» DATASET EXCERPT
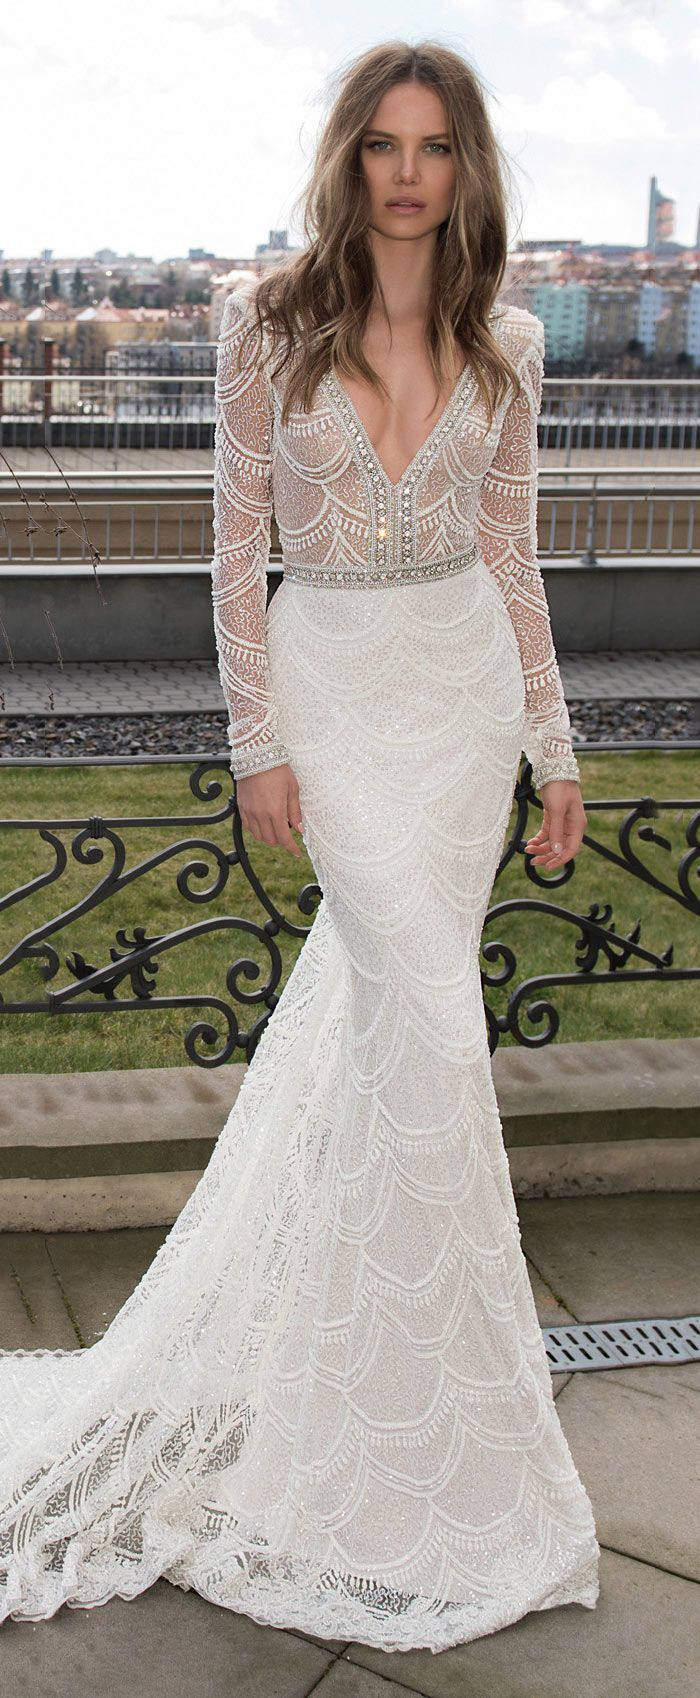 cbc228217 50 Vestidos de Noiva Incríveis | Vestidos | Wedding dress sleeves ...
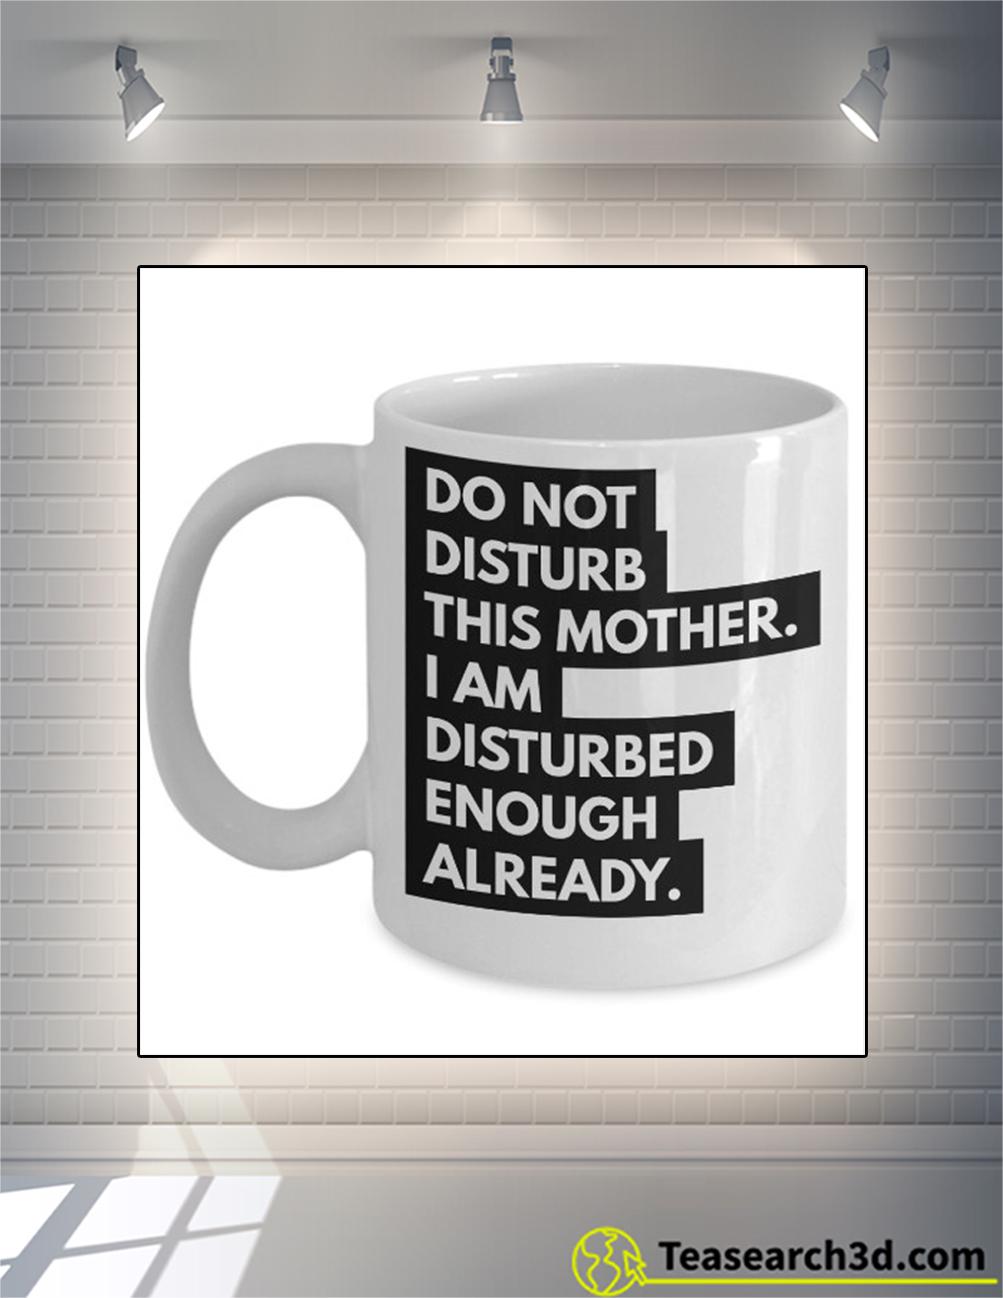 Do not disturb this mother mug 11oz
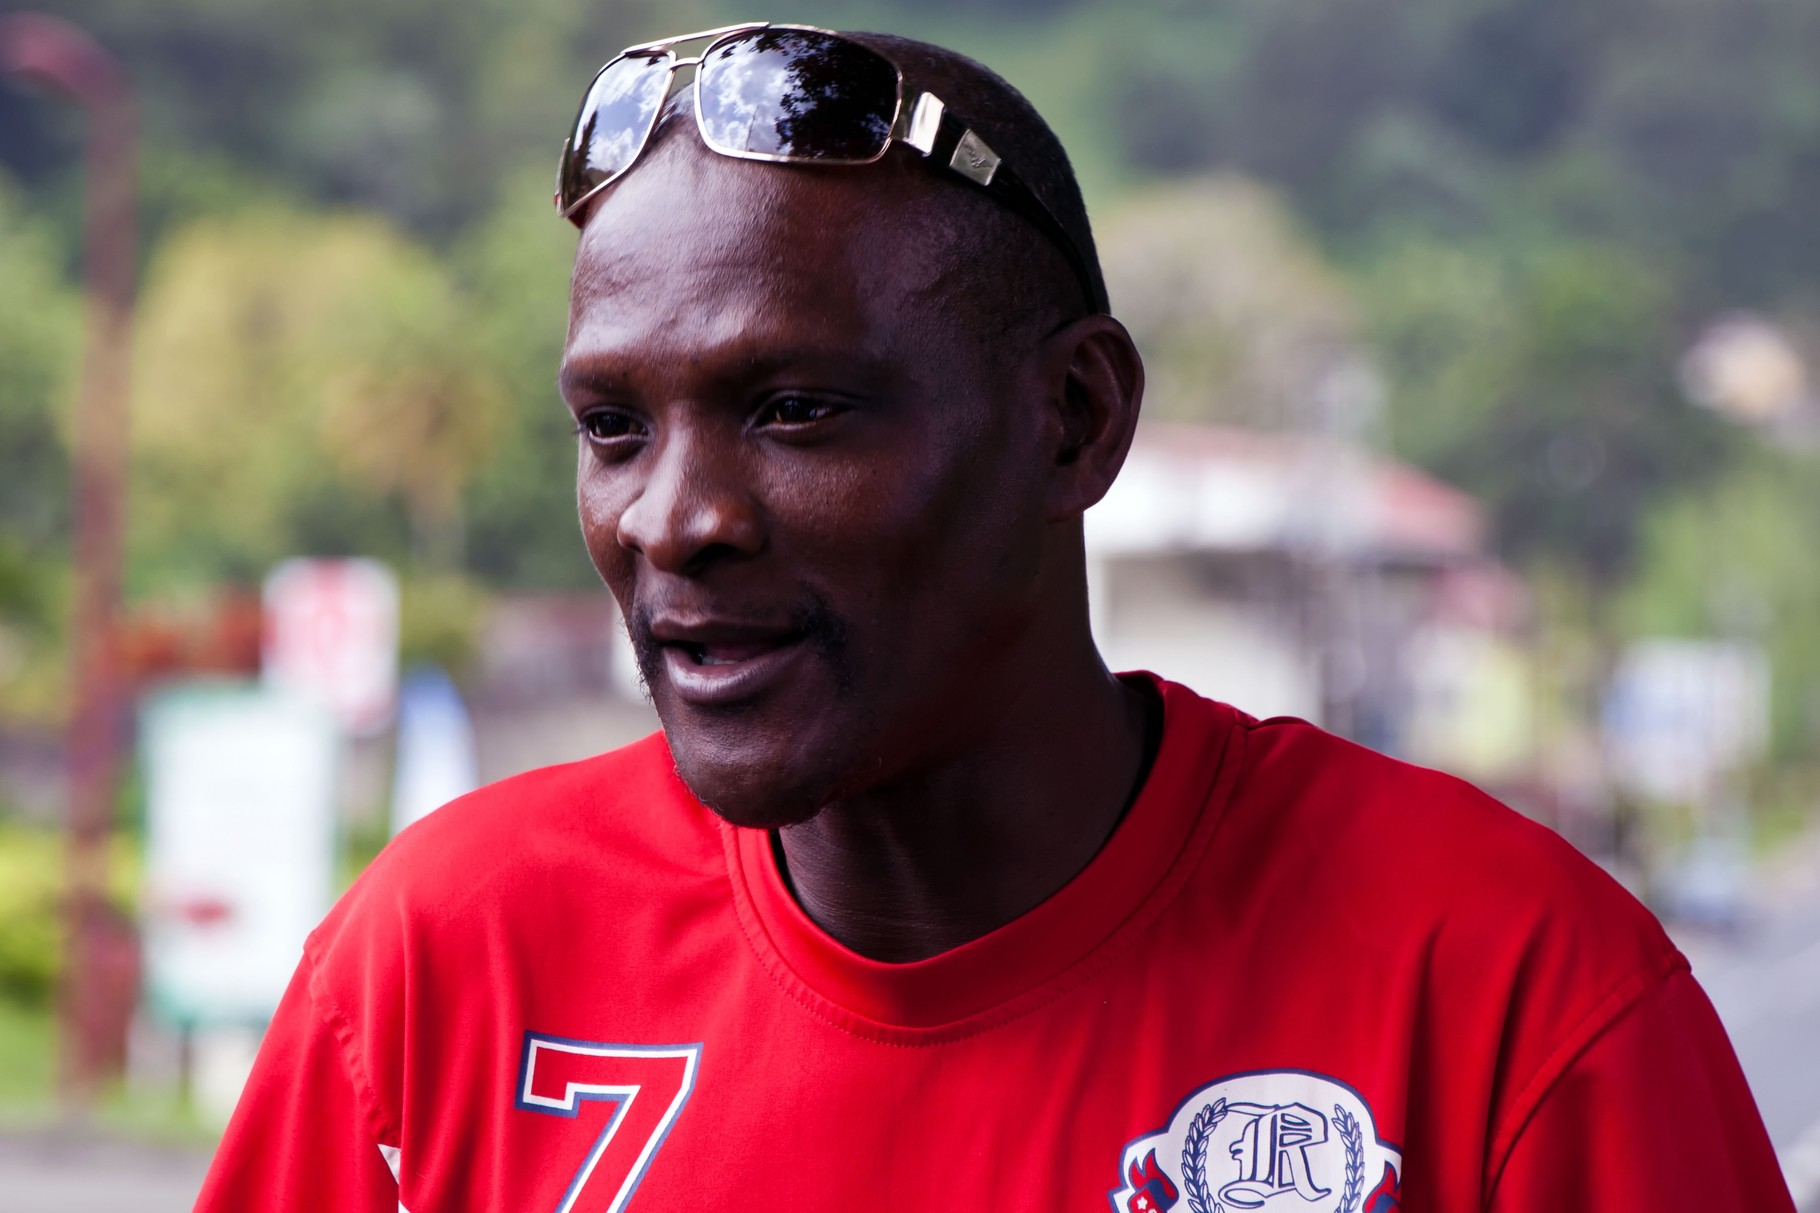 Martinique Mike der Taxifahrer

» WHAT THE TASK REQUIRES
Transcribe all the data word for word; the images stay out.

» ANSWER SPACE
 cbc228217 50 Vestidos de Noiva Incríveis | Vestidos | Wedding dress sleeves ...
 Do not disturb this mother mug 11oz
 Martinique Mike der Taxifahrer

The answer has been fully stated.